Рост доходов социальных групп в США за 1979–2004 гг., в % [310]
Приведенный график подтверждает расчеты профессора университета Беркли Е. Сайза, согласно которым 2/3 национального дохода за последние годы пришлись всего на 1 % богатейших домохозяйств. Доход этого 1 % рос в 10 раз быстрее, чем остальных 90 % домохозяйств. Всего лишь одна семья — шесть наследников основателей сети Walmart, — отмечает П. Турчин, — «стоит» больше, чем все нижние 40 % американского населения, вместе взятые (115 млрд долл. в 2012 г.) [311]. По мнению Сайза, к настоящему времени США достигли самого высокого уровня концентрации доходов с 1928 г. [312]
При этом не наблюдалось никаких социальных волнений, которые согласно марксистской теории должны были бы уже разорвать американское общество на куски. Почему этого не произошло? Financial Times отвечала на этот вопрос в июне 2009 г. в статье «Маленький грязный секрет капитализма»: «Выгоды экономического роста получили плутократы, а не основная масса населения. Так почему же не произошло революционного взрыва? Потому что проблемы, с которыми сталкиваются массы, имеют одно простое решение — кредит.

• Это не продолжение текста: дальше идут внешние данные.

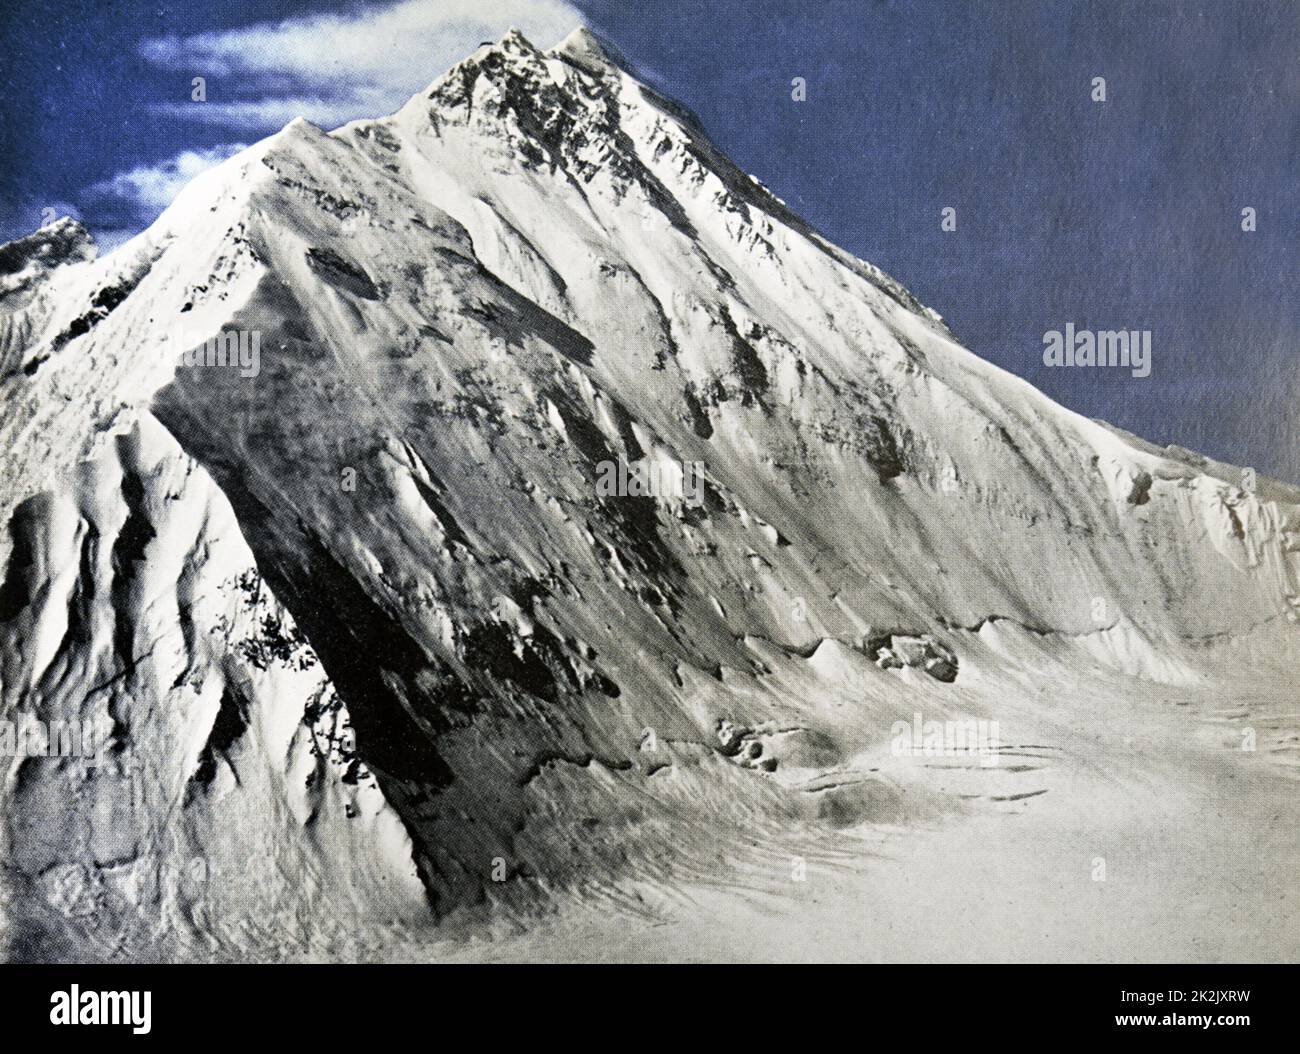 Fotografia a colori del lato nord dell'Everest. In data xx secolo Foto Stock

Если не можешь заработать на что-либо, займи нужную сумму» [313].
Оценивая результаты неолиберальных реформ, Д. Стиглиц приходит в итоге к радикальным выводам: то, что происходило в США на протяжении более четверти века, было «созданием государства корпоративного благосостояния» [314] . Существующая система не капитализм, подтверждает другой нобелевский экономист Э. Фелпс, а скорее вариант корпоративного государства Муссолини [315].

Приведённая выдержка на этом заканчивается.